= Simone Kenyon =

Simone Kenyon is a performer, artist and producer born in Bradford, West Yorkshire, England. She works extensively with walking, and in collaboration with other artists and dancers. In 2006, with the dancer Tamara Ashley, she made 'The Pennine Way: The Legs that Make Us', a durational art project in the form of a walk, creating a performance lecture about the project for ROAM a weekend of walking at Loughborough University in 2008, and a book published by Brief Magnetics in 2007. With Andrew Brown and Katie Doubleday she instigated the 'Open City' project in 2006, exploring the organisation and control of behaviour in the public realm.
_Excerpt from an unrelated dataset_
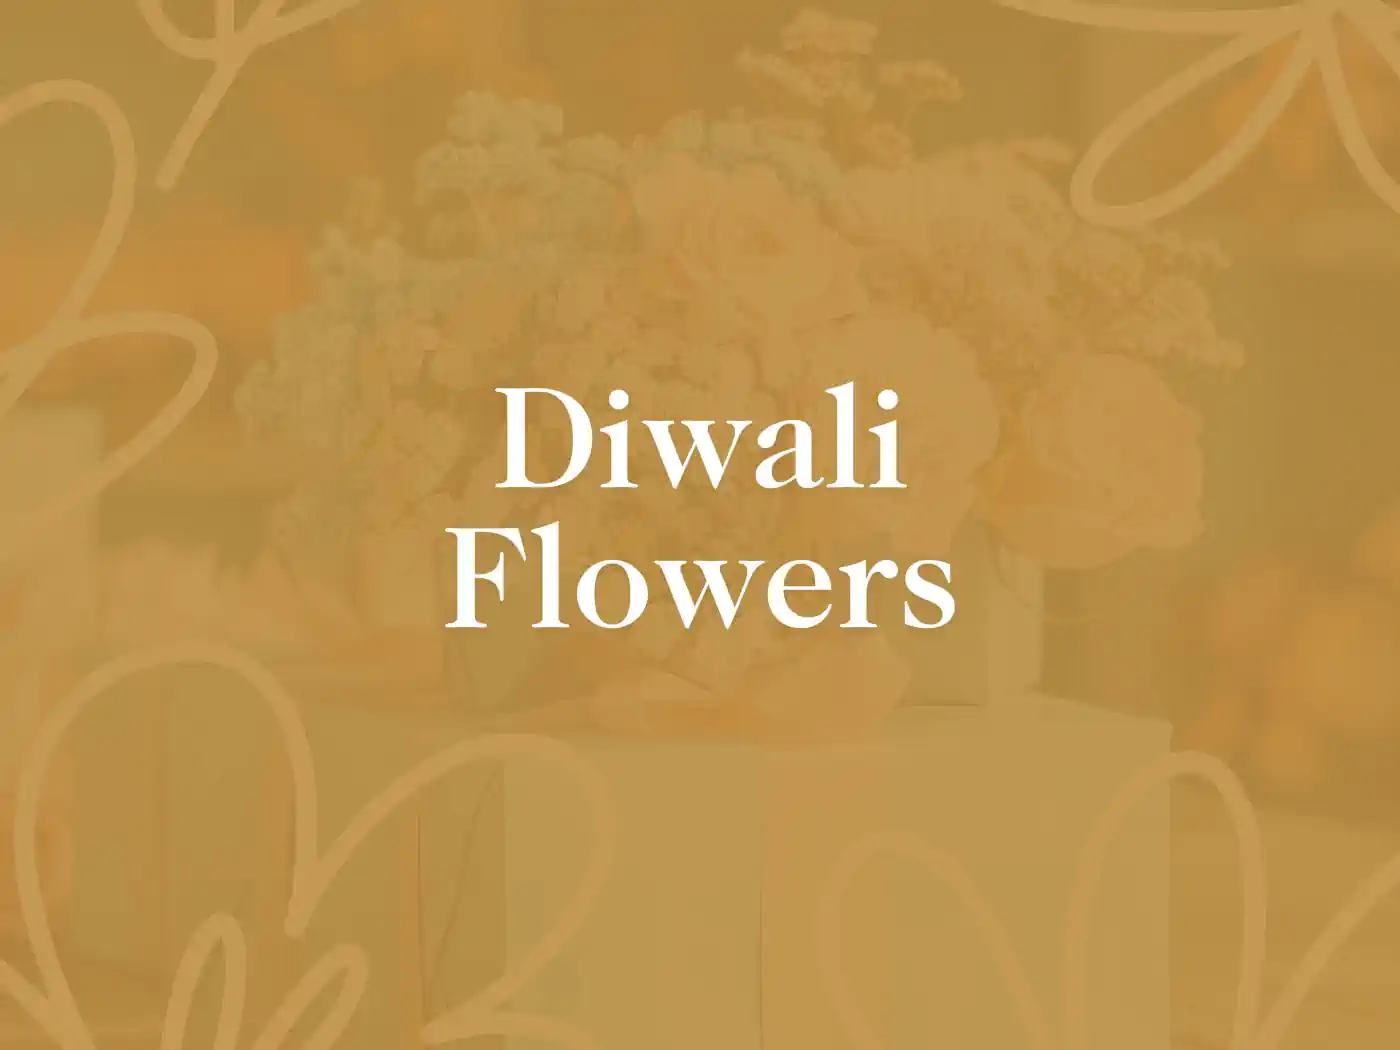 Soft focus image of a bouquet of flowers in muted orange tones with the text 'Diwali Flowers' prominently displayed, creating an elegant and festive background. Fabulous Flowers and Gifts - Diwali Flowers. Delivered with Heart.

Kenyon worked with Deveron Arts in Huntly, Aberdeenshire on the founding of their "Walking Institute" and completed a commission 'Hielan' Ways' - a long distance walk in the Cairngorms in 2013-14. She has also completed walking-based work Step by Step, 2013 for Dance4 in collaboration with Neil Callaghan. Kenyon is connected with the Walking Artists Network.

== Works ==
Into the Mountain (2019) took place in the Cairgorm mountains in Scotland. Produced by the Scottish Sculpture Workshop, audiences undertook walks through the landscape encountering dancers on the route. The project was inspired by the writings of Nan Shepherd and celebrates women's relationships with high and wild places.